The head of the United Nations has announced the appointment of an expert panel led by Canada's former environment minister to scrutinise whether companies' efforts to curb climate change are credible or mere "greenwashing".
In recent years, an explosion of pledges have come from businesses — including oil companies — to reduce their greenhouse gas emissions to amid consumer expectations that corporations bear part of the burden of combating climate change.
But environmental campaigners say many such plans are at best unclear, at worst designed to make companies look good when they are actually fuelling global warming.
"Governments have the lion's share of responsibility to achieve net-zero emissions by mid-century," UN Secretary-General Antonio Guterres said, adding that this was particularly true for the group of 20 major emerging and industrialised economies that account for 80 per cent of greenhouse gas emissions.
"But we also urgently need every business, investor, city, state and region to walk the talk on their net-zero promises," he said.
The 16-member panel will make recommendations before the end of the year on the standards and definitions for setting net-zero targets, how to measure and verify progress and ways to translate that into international and national regulations.

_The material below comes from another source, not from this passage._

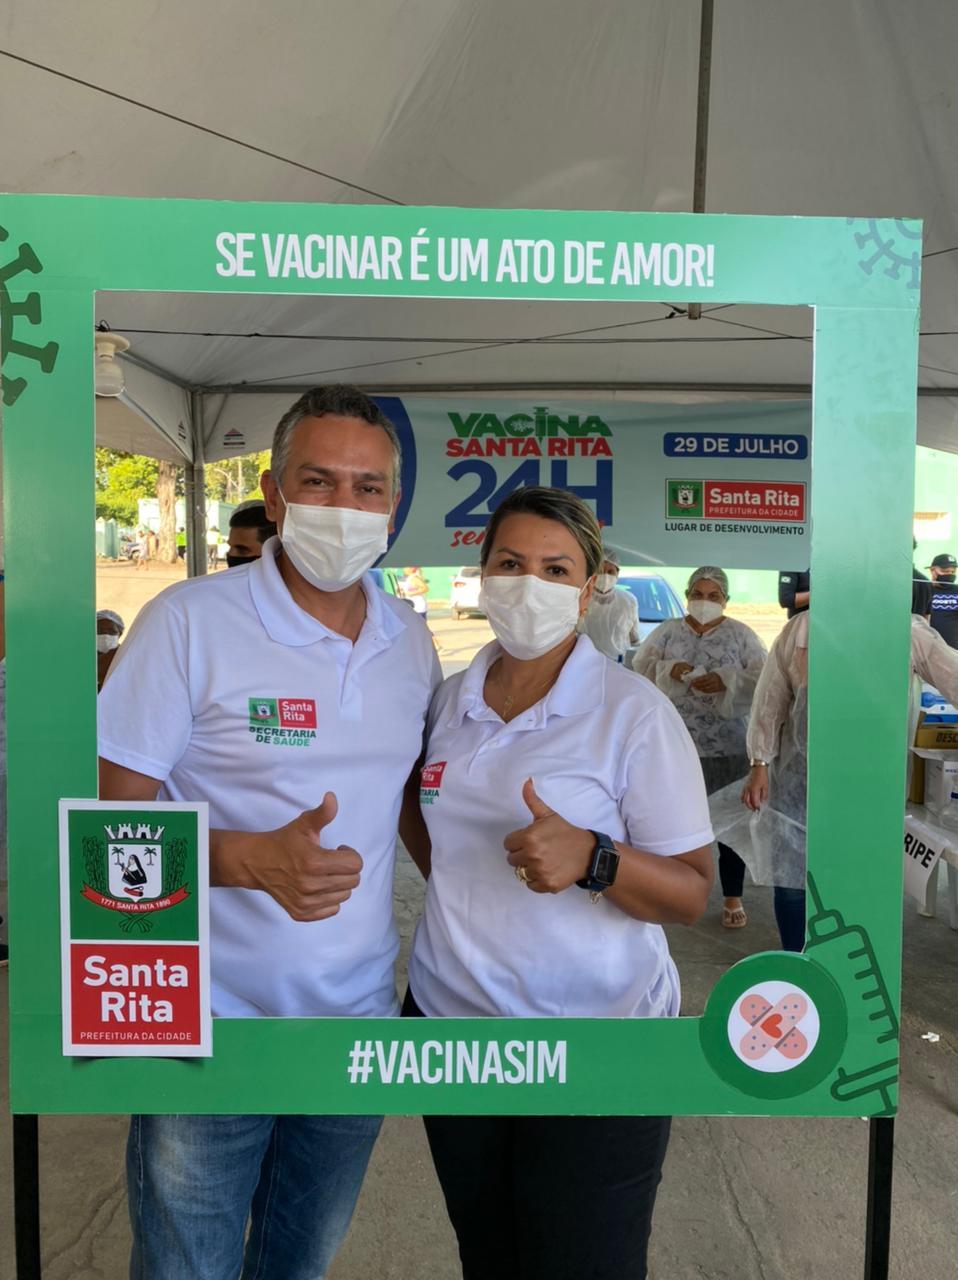 """WhatsApp Image 2021 07 31 at 12.27.39 - Jane Panta destaca ação de vacinação contra a Covid-19 em Santa Rita: """"fizemos história"""""""

In addition to examining net-zero pledges by the private sector, it will also scrutinise commitments made by local and regional governments that do not report directly to the UN.
However, it will not "name and shame" individual companies, UN climate envoy Selwin Hart said.
The panel includes prominent Australian climate scientist Bill Hare, South Africa-based sustainable finance expert Malango Mughogho and the former long-time governor of China's central bank, Zhou Xiaochuan.
It will be chaired by Catherine McKenna, who was Canada's minister of environment and climate change from 2015 to 2019.
Ms McKenna urged businesses not to view net-zero pledges as a "get out of jail free card" and said she backed the idea of including all emissions in the new standards, including those resulting from the use of a company's product.
One outside expert called the creation of the new panel "well overdue", noting that targets such as "net zero" are interpreted in different ways by companies and officials.